ODOT lays out 2020 road projects on Mount Hood
Besides seasonal showers, Mount Hood residents can expect to see some road construction next spring.
DeLeon-Galloway, ODOT community affairs coordinator, told a gathering of Mt. Hood Area Chamber of Commerce members recently that there are three road improvement projects in the works for next year. The most expensive of the three projects aims to repave both directions of a 2.1-mile section of Highway 26, which runs east of Sandy, and upgrade guardrails, cable barriers, signs, striping and rumble strips.???
"This is the largest because of all of the components (affected)," DeLeon-Galloway explained.
The price tag is estimated at $4.3 million.
Another effort will focus on repaving the section of Highway 26 between East Lolo Pass Road in Zigzag and East Arlie Mitchell Road in Rhododendron. "This section of U.S. 26 is part of a widely used corridor and a significant route for freight, recreating and nearby communities," according to a statement on ODOT's project webpage. "The roadway in this area is in need of resurfacing and other upgrades to maintain smooth, safe travel through the area."
During this project, expected to cost around $2.8 million, rumble strips along the 2.5-mile stretch will also be replaced to improve safety for drivers.
The third endeavor will involve replacing and upgrading 26 existing guidance and warning signs along highways 26 and 35 with signs made from "more durable materials and steel supports.????"
"Signs will be taller and more durable to reduce the possibility of being covered by snow or damanged by plowing during the winter season," the ODOT said. "All signs, with the exception of two, will be replaced in their existing locations."
The sign on Highway 35 directing people north to Hood River a quarter-mile prior to the exit, will be moved to one mile before the exit and the sign signaling how many miles are left to Portland and Sandy will be moved onto the roadway. The estimated cost of these sign changes is $500,000.

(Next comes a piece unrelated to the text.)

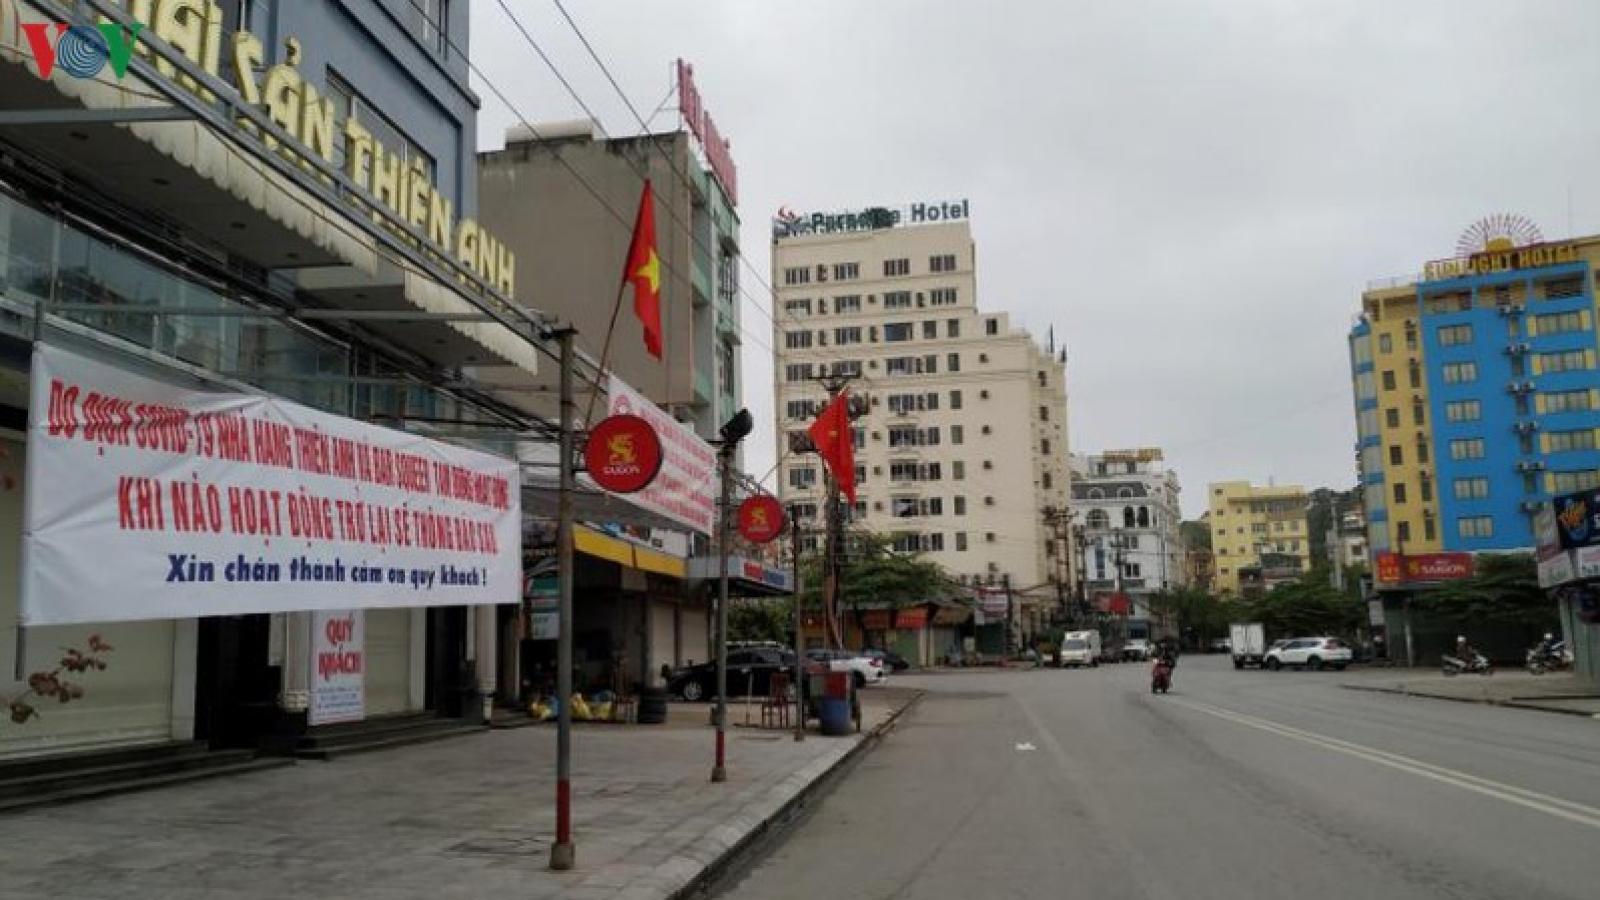 Doanh nghiệp du lịch Quảng Ninh gặp khó khi giữ chân người lao động

"(These) are as simple as we can get on paving projects," DeLeon-Galloway said. "They're so we can keep the road from deteriorating. If we were to wait on maintenance, there would be more time, more traffic disruption and more cost to taxpayers. We don't anticipate any permanent changes to access to driveways or right of way."
ODOT expects to seek bids for all three projects in February 2020. Construction is tentatively scheduled for spring through fall of next year. "We're trying to keep all of these projects scheduled to daytime work as well," DeLeon-Galloway said.
The projects may require the use of pilot cars, but officials expect minimal traffic delays during construction. Residents should receive information on these projects in the mail.